Long story short we've reconciled due to family and have now decided to give it ago.
It's been a month now of us living back together and I can honestly say that I do not love him at all!! Now more than ever it's clear to me that he isn't the one that I'd want to spend the rest of my life with.
So I've decided to seek divorce but before having the chat with him I'd try to conceive as I want DS to have a sibling form the same father. I mean who knows how long I'd find another partner, I'd never want DS to grow up alone. Regardless I'll be a single mother anyway so 2 kids to me won't make that much of a difference.
I know that you guys must be thinking I'm crazy, but I'd rather get having kids out the way rather than meeting someone in 5 years time and having to constantly think about giving DS a sibling. The plus side is that they'll have each other. Has anyone been through this? Am I crazy for thinking like this ? There's no way that I'd want to spend the rest of my life with my husband so they're won't be another chance.
I need as much advice as I could get, I've been thinking about this Non stop.

OP posts:
Thistly · 15/07/2019 09:43

I personally think it's better than all this blended family bollocks that just doesn't work.

Just a little sweeping generalisation, huh?

MrJollyLivesNextDoor · 15/07/2019 09:47

Oh he's only slapped you about a bit in the past

Well that's alright then, he sounds like excellent father material

hoolahoolahoop · 15/07/2019 09:59

Someone saying a man can't be tricked into getting someone pregnant is naive. Especially in this case when he would trust her, she just has to say I've got the coil, take the pill etc and he would trust she is telling the truth.

If you're depressed and struggling to sleep with him I think just that alone is enough of an answer that you shouldn't be doing this.

Plus if you do meet someone else and have a child, by your reasoning of not wanting your DS to be alone/have the same dad, then the same situation would stand for the next baby with a different father so it'll be two kids with this man and two kids with the next.... is that really what you want?

rosevalentine · 15/07/2019 11:39

Being a single mum of two (or more) is so much harder than being a single mum of one.

When I was a single mum of two I used to look at my single mum friends with one and wish I was in their position. It was easier for them to find childcare at short notice, men without kids were more likely to date them, they were able to work with much less hassle....

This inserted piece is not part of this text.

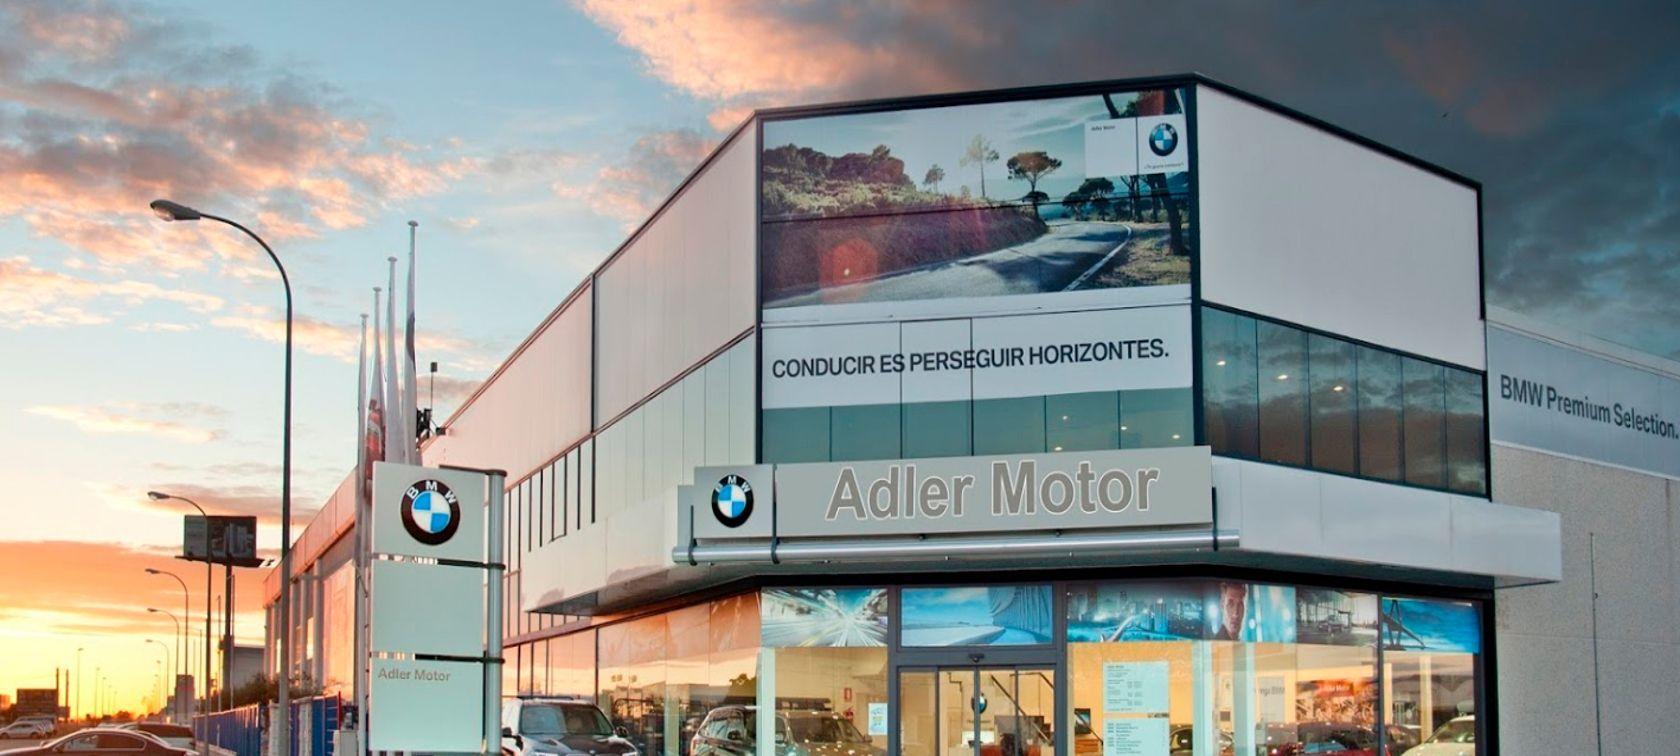 Adler Motor - Cazalegas

I would not deliberately make myself a single mum of two kids.

Ginger1982 · 15/07/2019 13:35

@applecrunch92 'a few slaps' IS physical abuse. I don't understand how you can't see that.

Pinktinker · 15/07/2019 13:45

Every baby is different.
P

Pinktinker · 15/07/2019 13:47

Butter fingers, posted too soon.

Perhaps your baby is an ‘easy’ one as babies go so that’s why you’re thinking you could so easily cope with two alone. You haven’t experienced a toddler yet, they are difficult as hell. I had three in the space of 2.5 years and it’s not something for the faint hearted, however ‘easy going’ your children are.

Having two Fathers on the scene isn’t a bad thing, it’s actually rather common nowadays. It’s preferable to having another child with an abusive bastard you don’t love surely.

Rachelover40 · 15/07/2019 14:01

I'm wondering if the op posted this hypothetical scenario just to get reactions, it seems so far fetched.

I mean, who seriously wants a child with someone they don't intend to stay with? It's bizarre.

Inamechangedjustforthis · 15/07/2019 14:26

This thread is completely batshit even by MN standards.

1forAll74 · 15/07/2019 14:35

I think that you should just be happy,to have the one child in your life,and not go into this awful deception process.You seem to just wan't to set this pattern of your life, only how You wan't it to be. I don't know how you can plan your life out like this,you are dealing with people here,and not a shopping list.